Show that each of the relation R in the set A = { x ∈Z: 0≤x≤12}, A={x} given by (i) R = { (a,b) : |a - b| is a multiple of 4} (ii) R = {(a,b):a = b} is an equivalence relation. Find the set of all elements related to 1 in each case.

Answer

A = { x ∈ Z : 0 ≤ x ≤ 12} = {0,1,2,3,4,5,6,7,8,9,10,11,12}

(i) R = { (a,b) : |a - b| is a multiple of 4}

For any element a ∈A, we have (a, a) ∈ R as |a - a = 0|is a multiple of 4.

∴R is reflexive.

Now, let (a, b) ∈ R ⇒ |a - b| is a multiple of 4.

⇒ |-(a - b)| = ⇒ |b - a| is a multiple of 4.

⇒ (b, a) ∈ R

∴R is symmetric.

Now, let (a, b), (b, c) ∈ R.

⇒ |(a - b)| is a multiple of 4 and |(b - c)| is a multiple of 4.

⇒ (a - b) is a multiple of 4 and (b - c) is a multiple of 4.

⇒ (a - c) = (a – b) + (b – c) is a multiple of 4.
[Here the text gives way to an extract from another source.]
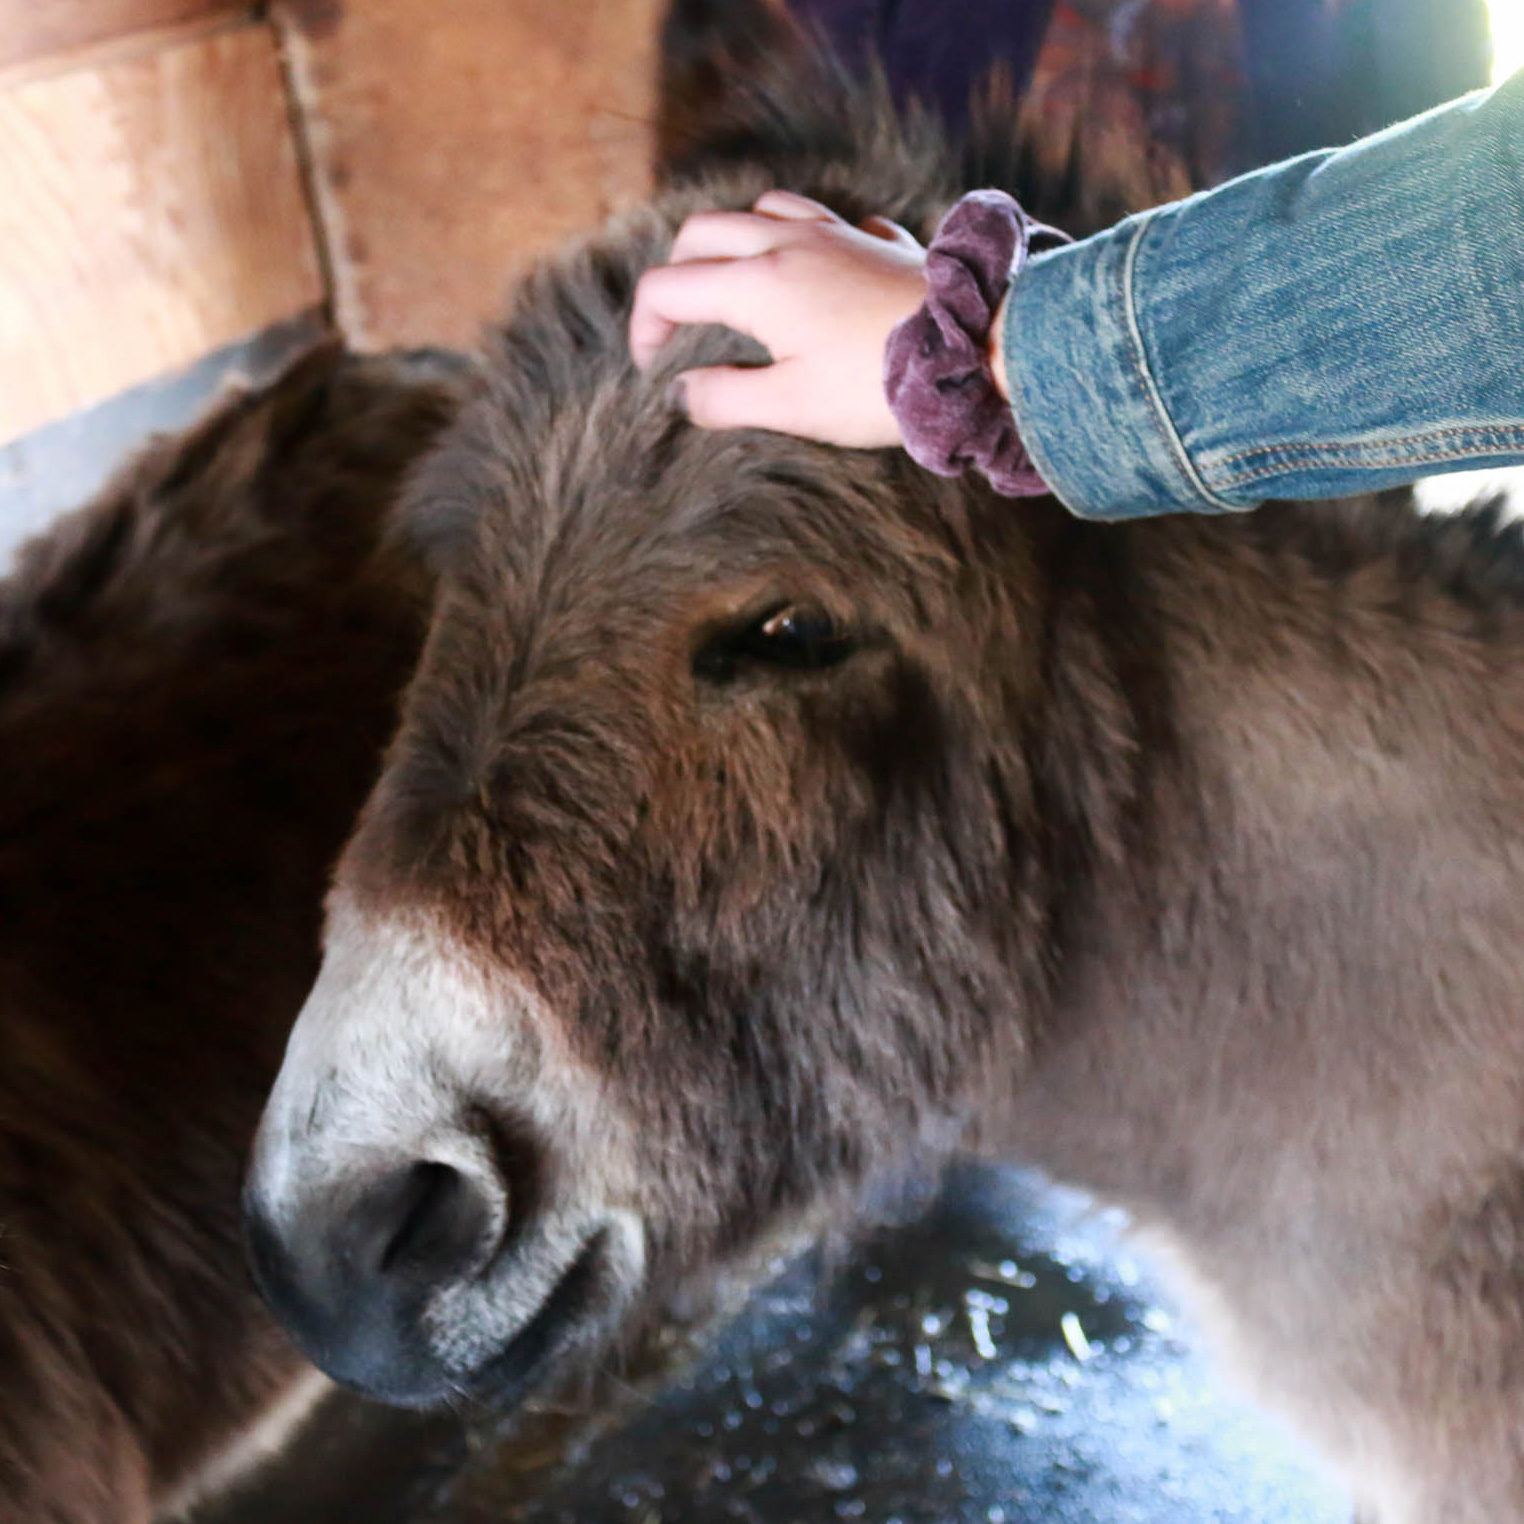 Izzy, a miniature donkey in Waterloo, IA.

⇒ |a - c| is a multiple of 4.

⇒ (a, c) ∈R

∴ R is transitive.

Hence, R is an equivalence relation.

The set of elements related to 1 is {1, 5, 9} since

|1 - 1| = 0 is a multiple of 4,

|5 - 1| = 4 is a multiple of 4, and

|9 - 1| = 8 is a multiple of 4.

(ii) R = {(a, b): a = b}

For any element a ∈A, we have (a, a) ∈ R, since a = a.

∴R is reflexive.

Now, let (a, b) ∈ R.

⇒ a = b

⇒ b = a

⇒ (b, a) ∈ R

∴R is symmetric.

Now, let (a, b) ∈ R and (b, c) ∈ R.

⇒ a = b and b = c

⇒ a = c

⇒ (a, c) ∈ R

∴ R is transitive.

Hence, R is an equivalence relation.

The elements in R that are related to 1 will be those elements from set A which are equal to 1.